A new study from University College London shows that large language models predict scientific research results more accurately than human experts.
Published in Nature, the study found AI models achieved 81.4 percent accuracy compared to 63.4 percent for human experts when predicting whether scientific hypotheses would be supported by experimental data.
The test the researchers used, called "BrainBench," included 171 neuroscientists, ranging from graduate students to professors, with an average of 10.1 years of experience. Each participant examined nine research scenarios from different areas of neuroscience, reviewing the methodology and hypotheses to predict whether the experiments would support the researchers' expectations. The LLMs faced a more extensive test: 200 expert-generated cases plus 100 GPT-4-generated scenarios.
Even the highest-performing human experts—the top 20 percent—only achieved 66.2 percent accuracy. What's particularly striking is that the study used older open-source AI models, not the latest versions from companies like Anthropic, Meta or OpenAI. This suggests current models like GPT-4 or Sonnet 3.5 might perform even better at these tasks.
Meta's Galactica, one of the tested models, was specifically designed for scientific tasks but faced significant criticism from scientists when it launched in 2022.
More than memorization
The AI systems showed superior performance across all tested neuroscience areas. They performed particularly well when integrating information beyond abstracts, connecting methodology and background with results.
The researchers tested that the AI wasn't just memorizing answers. They used special testing methods to check whether the models had already seen the test cases during training, comparing results against known training data.
According to the researchers, AI models appear to process scientific articles more like humans do—forming general patterns and frameworks rather than memorizing details.
"This success suggests that a great deal of science is not truly novel, but conforms to existing patterns of results in the literature. We wonder whether scientists are being sufficiently innovative and exploratory", lead author Dr. Ken Luo said.
Surprisingly, smaller AI models like Llama2-7B and Mistral-7B performed just as well as their larger counterparts, despite having only 7 billion parameters. While the base versions of these models excelled at predictions, versions optimized for chat performed worse. The researchers suspect that tweaking the models for conversation might compromise their ability to draw scientific conclusions.

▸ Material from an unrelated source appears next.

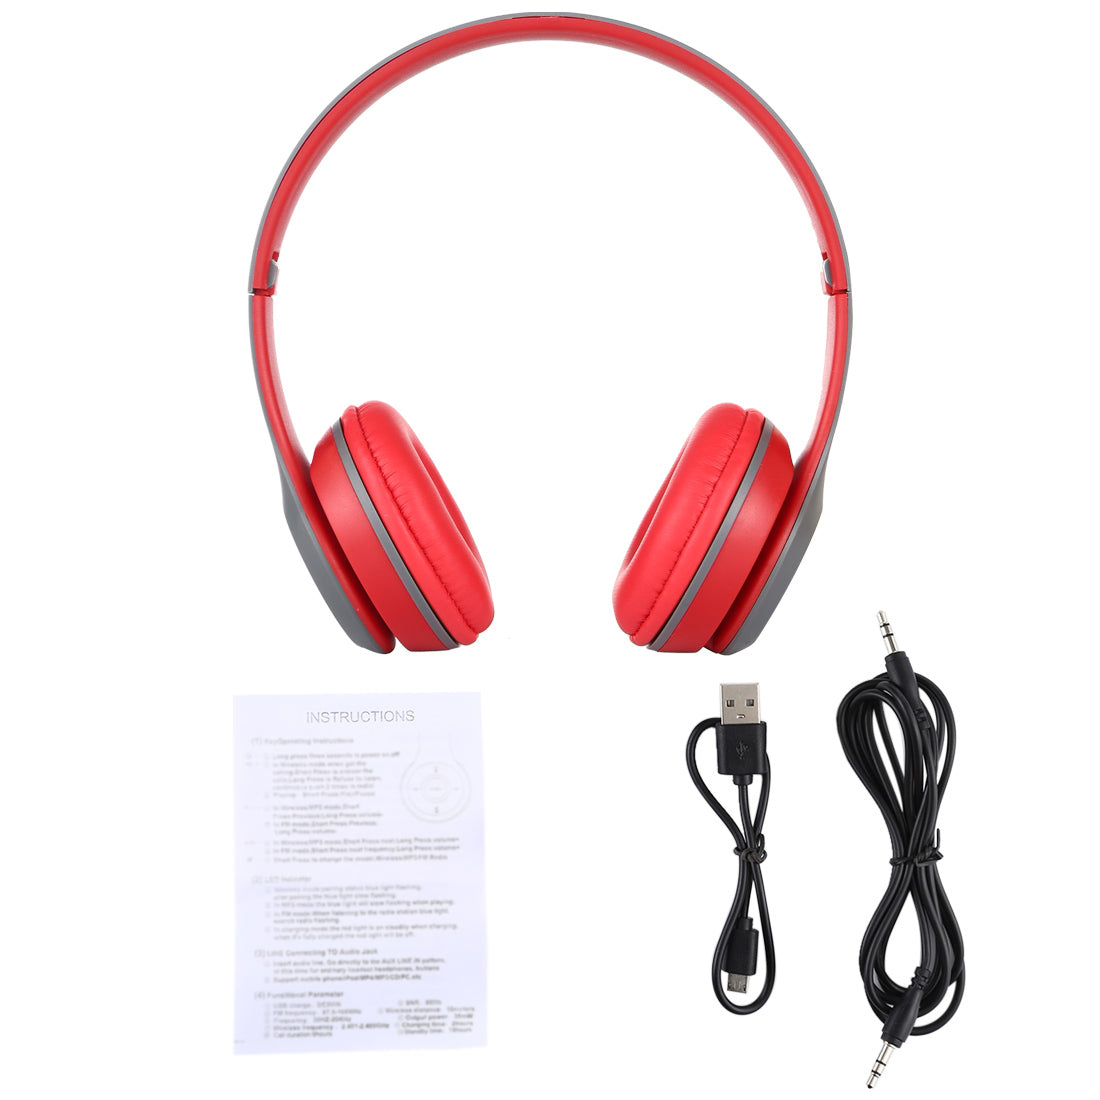 Premium Stereo Bluetooth Headphone with Call Support, Mic,  3.5mm Audio Jack, FM

The researchers also created their own specialized model called "BrainGPT," built on Mistral 7B and trained with 1.3 billion neuroscience texts. This custom model pushed accuracy even higher, adding another 3 percentage points to the results.
Both the AI systems and human experts showed a useful trait: when they expressed more confidence in their predictions, they were indeed more likely to be correct. The researchers say this kind of reliable self-assessment is essential for real-world applications.
Scientific implications
The study points to a significant shift in how future scientific research might be planned and conducted.
"We envision a future where researchers can input their proposed experiment designs and anticipated findings, with AI offering predictions on the likelihood of various outcomes. This would enable faster iteration and more informed decision-making in experiment design," Luo said.
But the researchers point out potential drawbacks. Scientists might be tempted to skip studies where AI predictions differ from their hypotheses—even though unexpected results often lead to major breakthroughs. They also warn that findings predicted by AI with high confidence might be dismissed as obvious or uninteresting.